Running autosubmit setstatus, for example, would produce files that could be stored for example as tmp/ASLOGS/20240319_141712_setstatus.log and tmp/ASLOGS/20240319_141712_setstatus_err.log.. These two files contain the standard output and error output of the autosubmit setstatus command, issued on 2024-03-19 at 14:17:12 (computer time). The “.log” file contains the output produced by Autosubmit, whereas the “_err.log file would contain the error or be empty if no error occurred.
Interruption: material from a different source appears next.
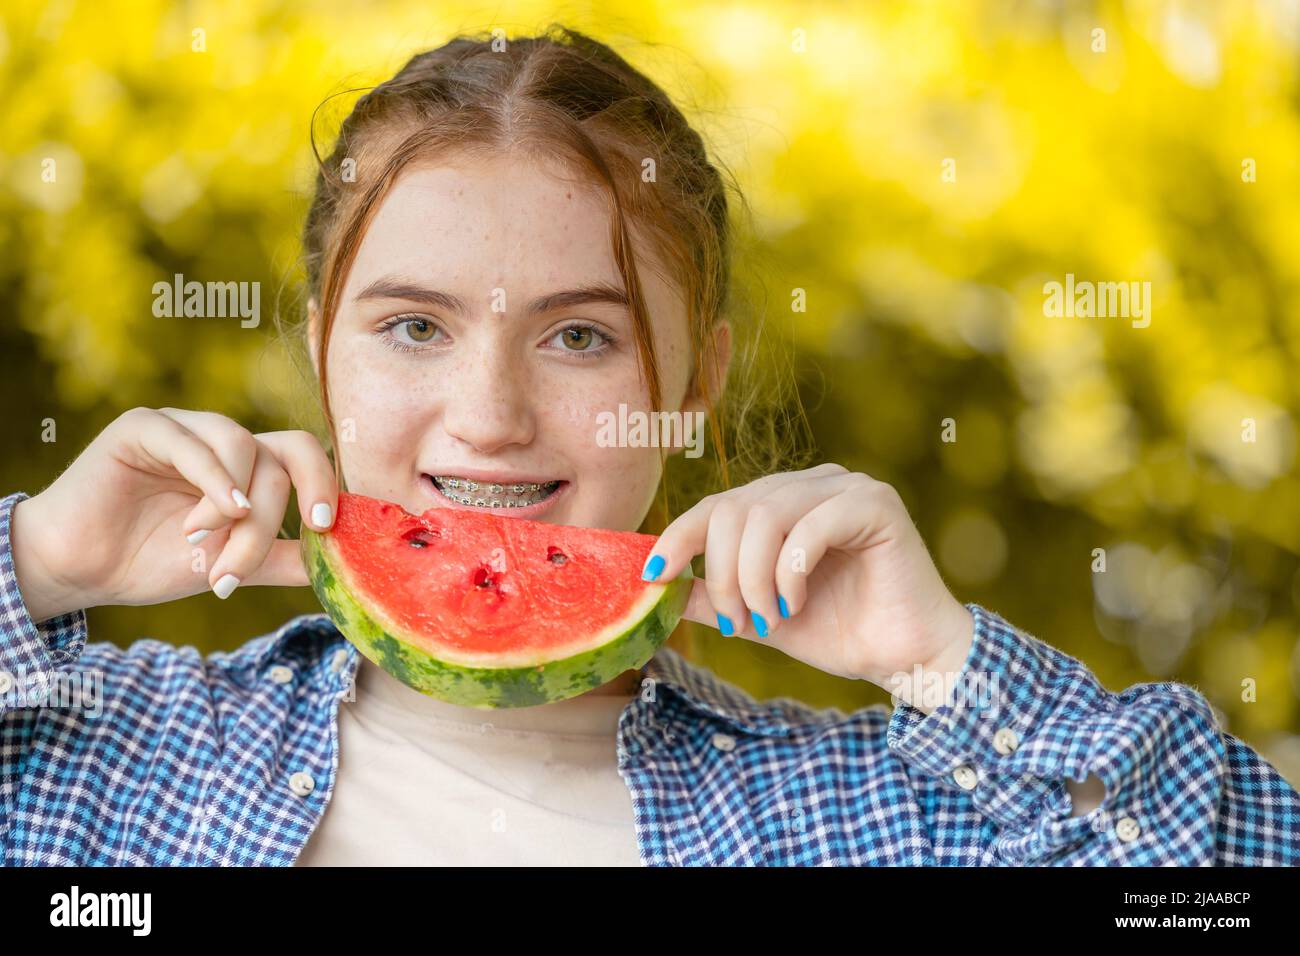 belle jeune fille souriant avec la pastèque et les soins dentaires traitement orthodontique dents s'alignant avec des bretelles ou des aligneurs Banque D'Images

2024-03-19 14:17:17,772 Autosubmit is running with 4.1.0
2024-03-19 14:17:17,782 Preparing .lock file to avoid multiple instances with same expid.
2024-03-19 14:17:17,782 Exp ID: a001
2024-03-19 14:17:17,782 Save: False
2024-03-19 14:17:17,782 Final status: WAITING
2024-03-19 14:17:17,782 List of jobs to change: a001_20200101_fc0_285_SIM a001_20200101_fc0_284_SIM
2024-03-19 14:17:17,782 Chunks to change: None
2024-03-19 14:17:17,782 Status of jobs to change: None
2024-03-19 14:17:17,782 Sections to change: None
...

The workflow task logs are stored in the directory tmp/LOG_<EXPID>, tmp/LOG_a001/ in this example. The task logs are written on the remote platforms used in the experiment configuration (e.g. a cloud server, or HPC). These files are copied automatically by Autosubmit to the computer where the autosubmit command was issued at.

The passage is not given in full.